Retype each line of the material below word for word; pictures stay out.

### PROVIDED MATERIAL ###

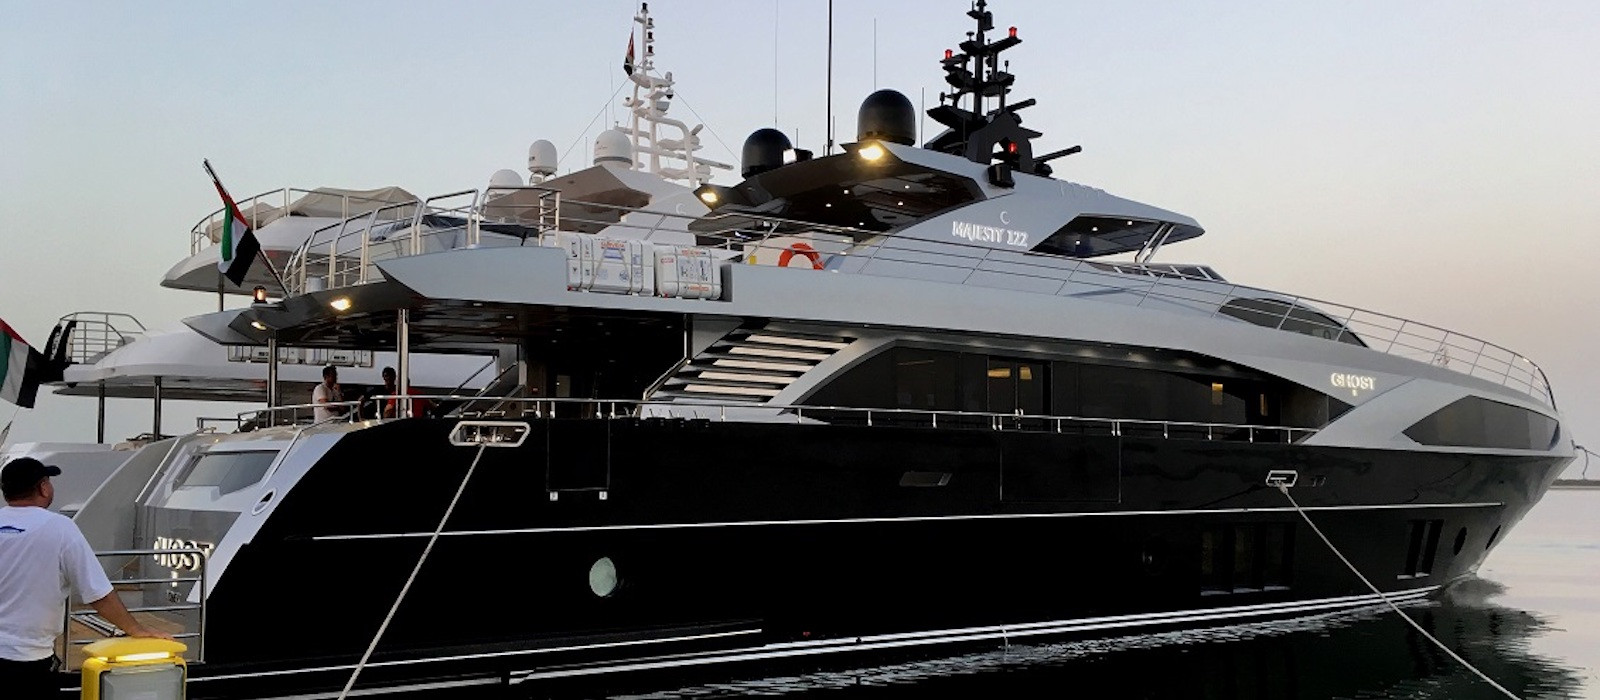 Ghost II superyacht hire at the dock
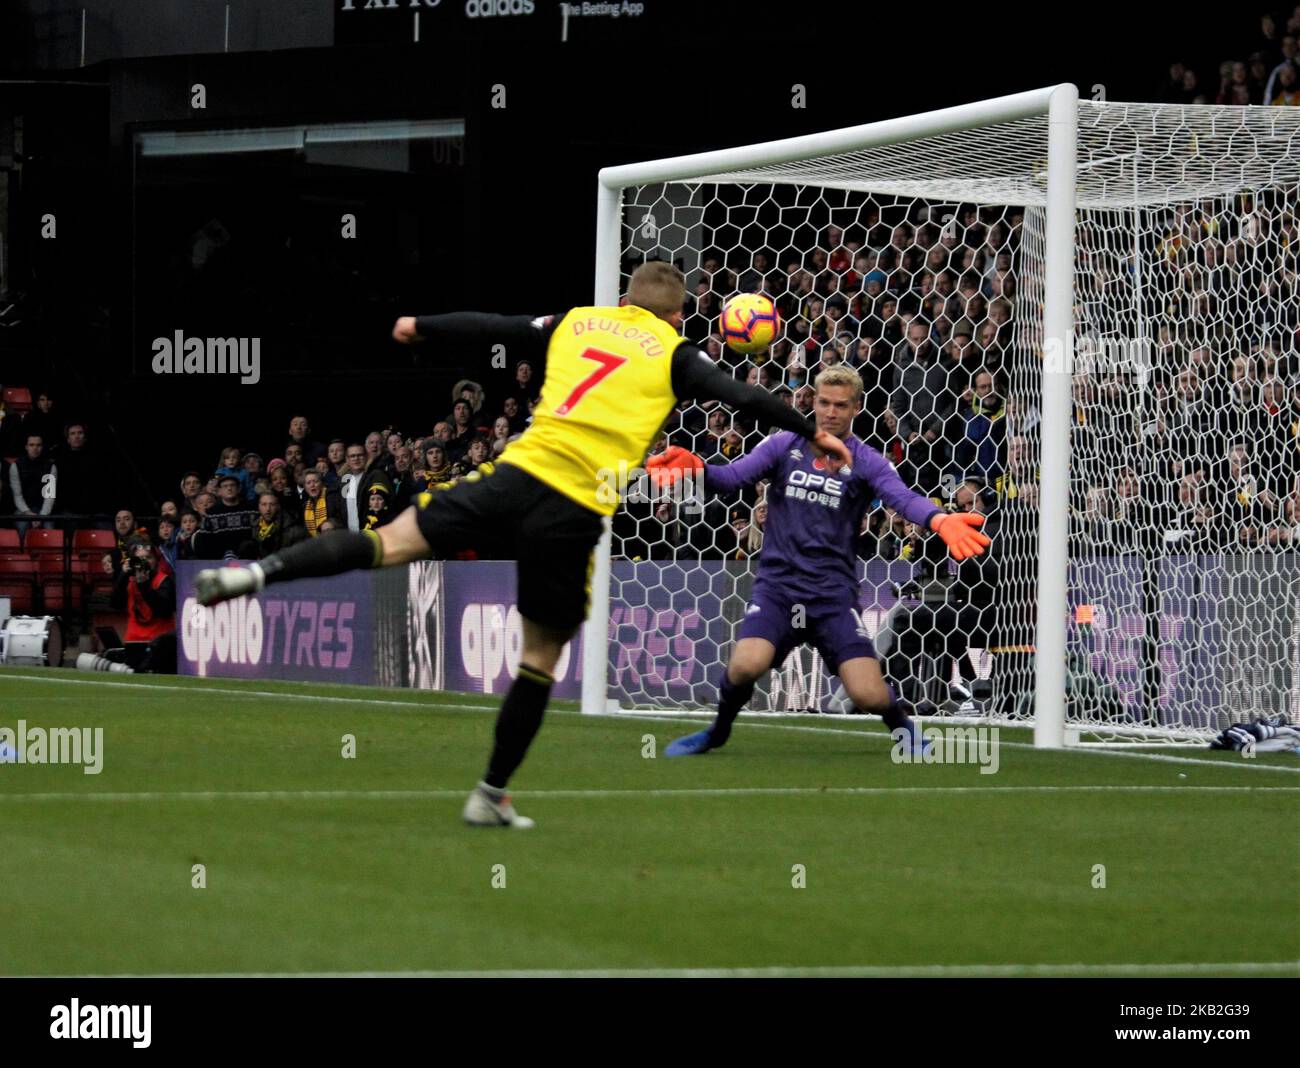 Watford, UK, 27 October, 2018. Gerard Deulofeu puts the ball past Goalkeeper Jonas Lossl to score during Premier League match between Watford and Huddersfield Town at Vicarage Road, Watford, England on 27 Oct 2018. (Photo by Action Foto Sport/NurPhoto) Stock Photo
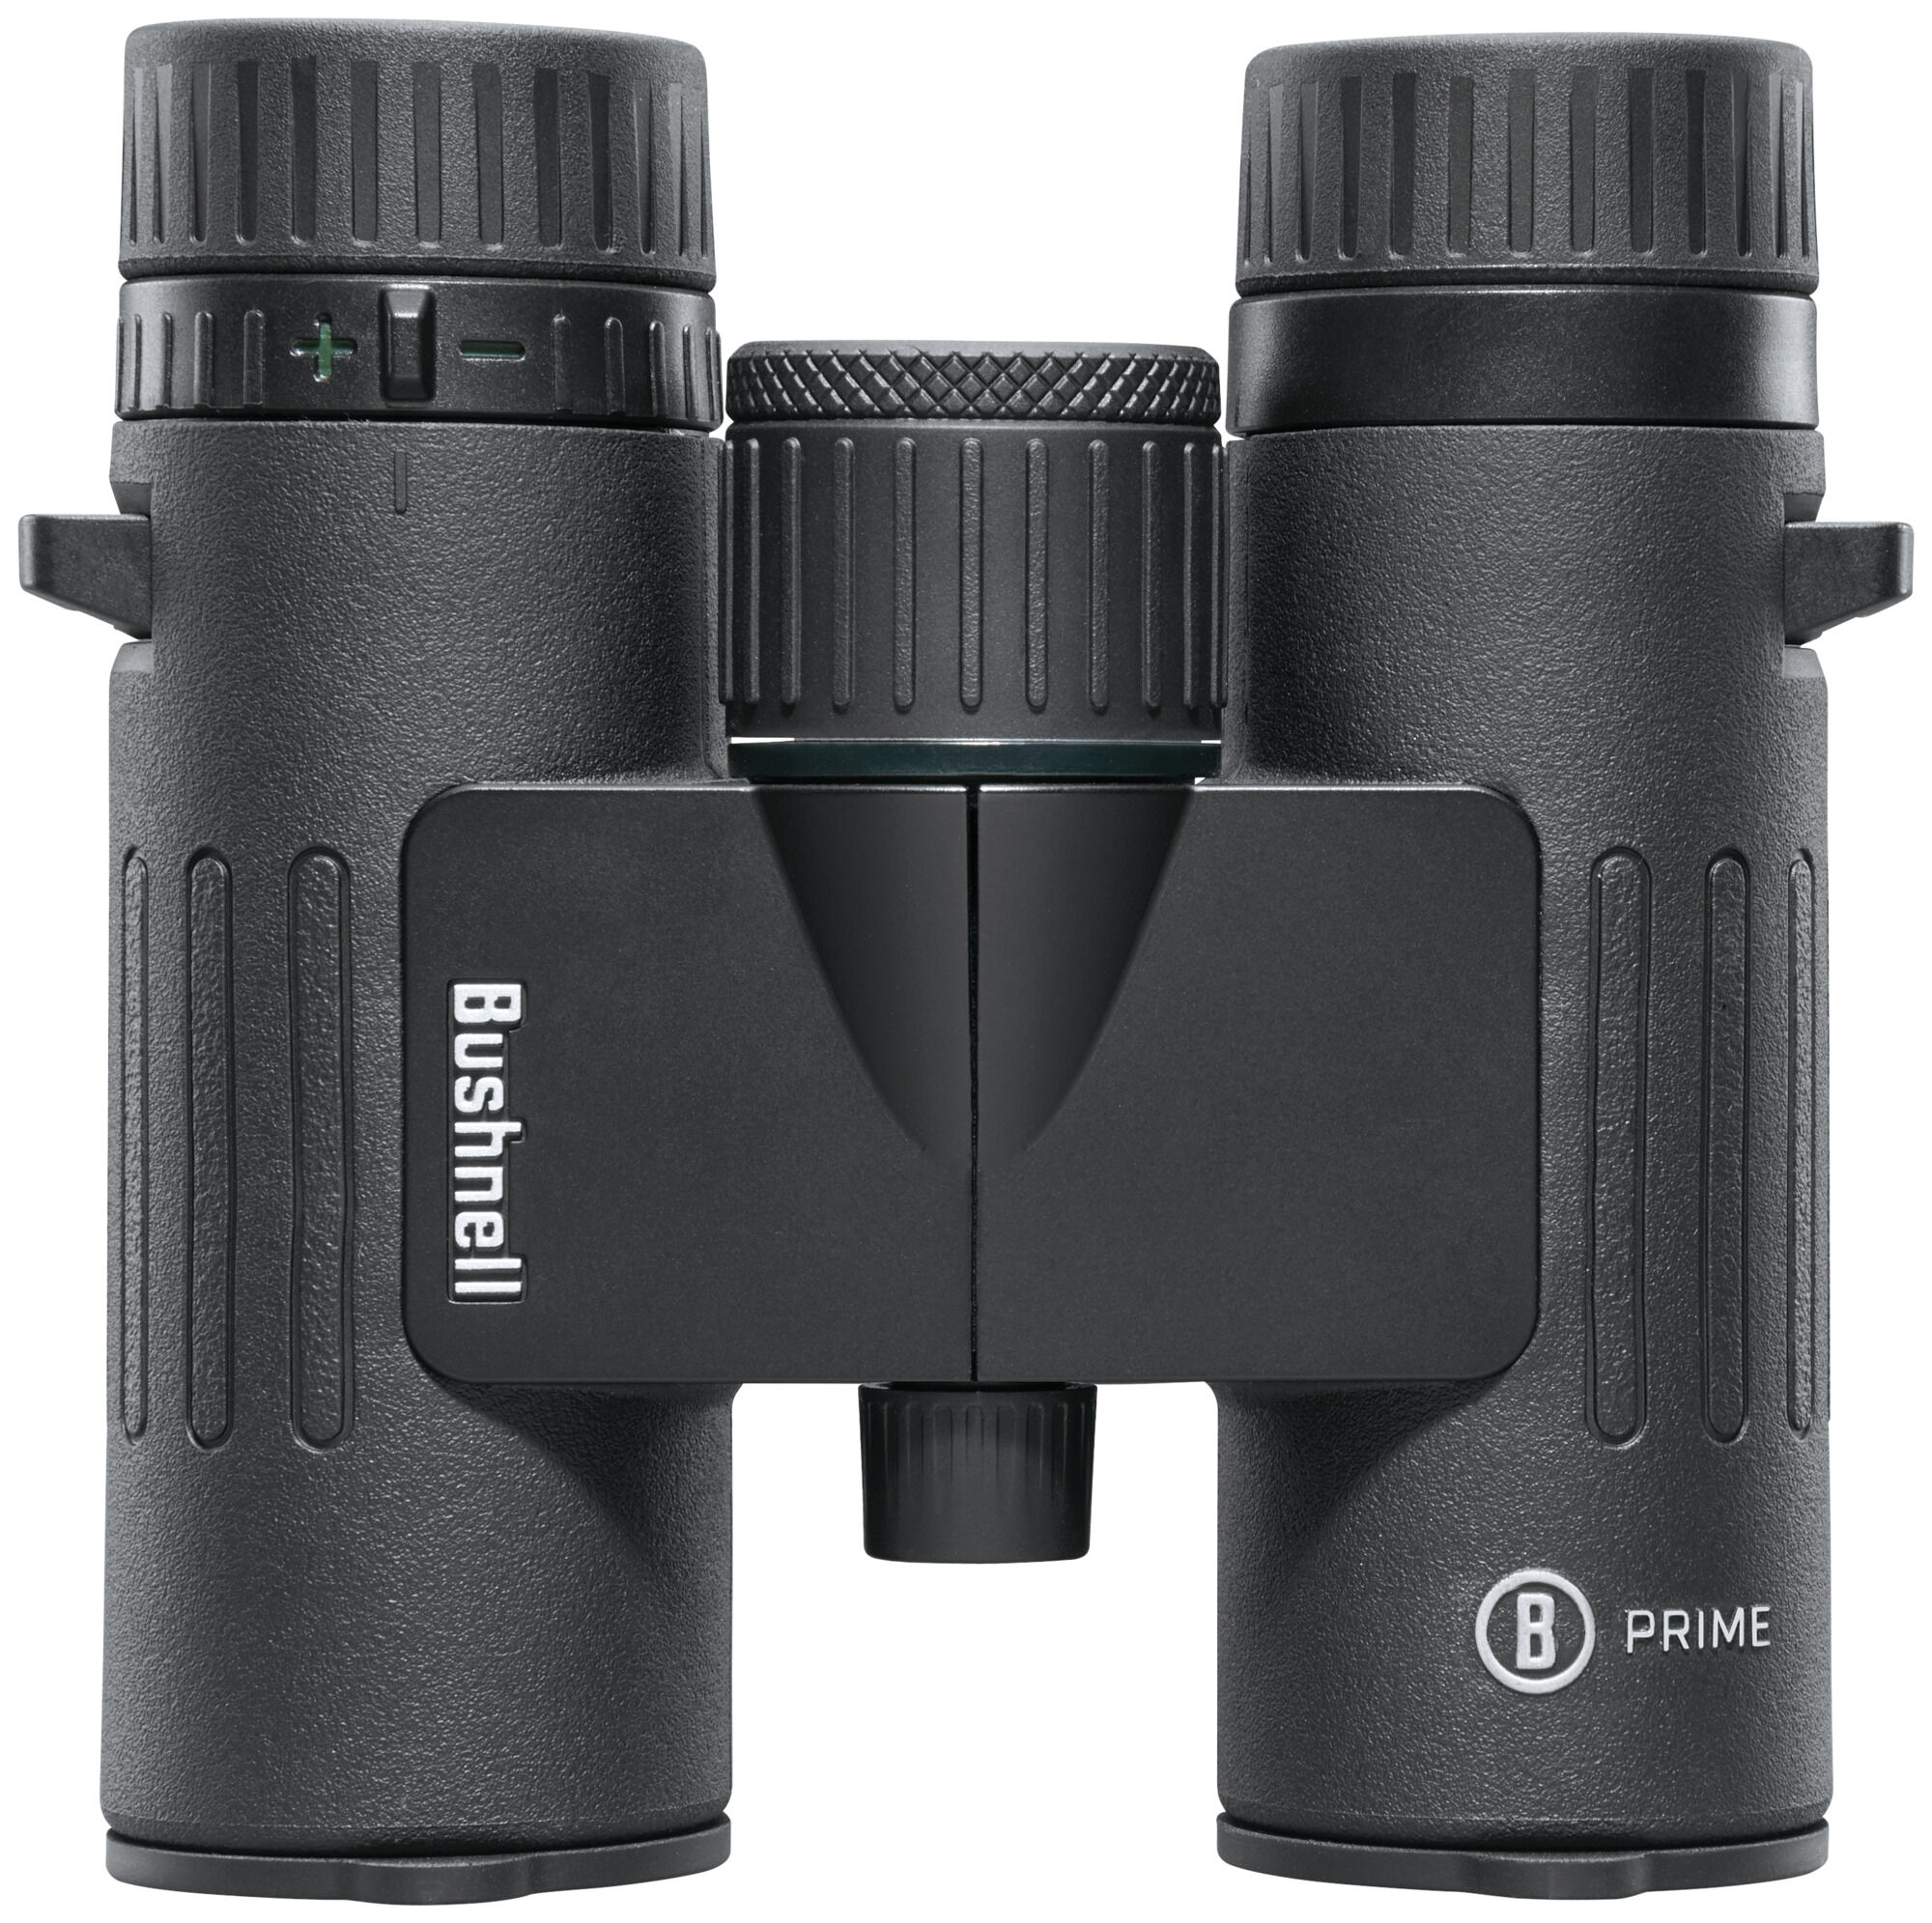 Prime Compact, Hunting Binoculars 10x28 Magnification | Bushnell

###

:: FINISHED TASK ::
 Ghost II superyacht hire at the dock
 Watford, UK, 27 October, 2018. Gerard Deulofeu puts the ball past Goalkeeper Jonas Lossl to score during Premier League match between Watford and Huddersfield Town at Vicarage Road, Watford, England on 27 Oct 2018. (Photo by Action Foto Sport/NurPhoto) Stock Photo
 Prime Compact, Hunting Binoculars 10x28 Magnification | Bushnell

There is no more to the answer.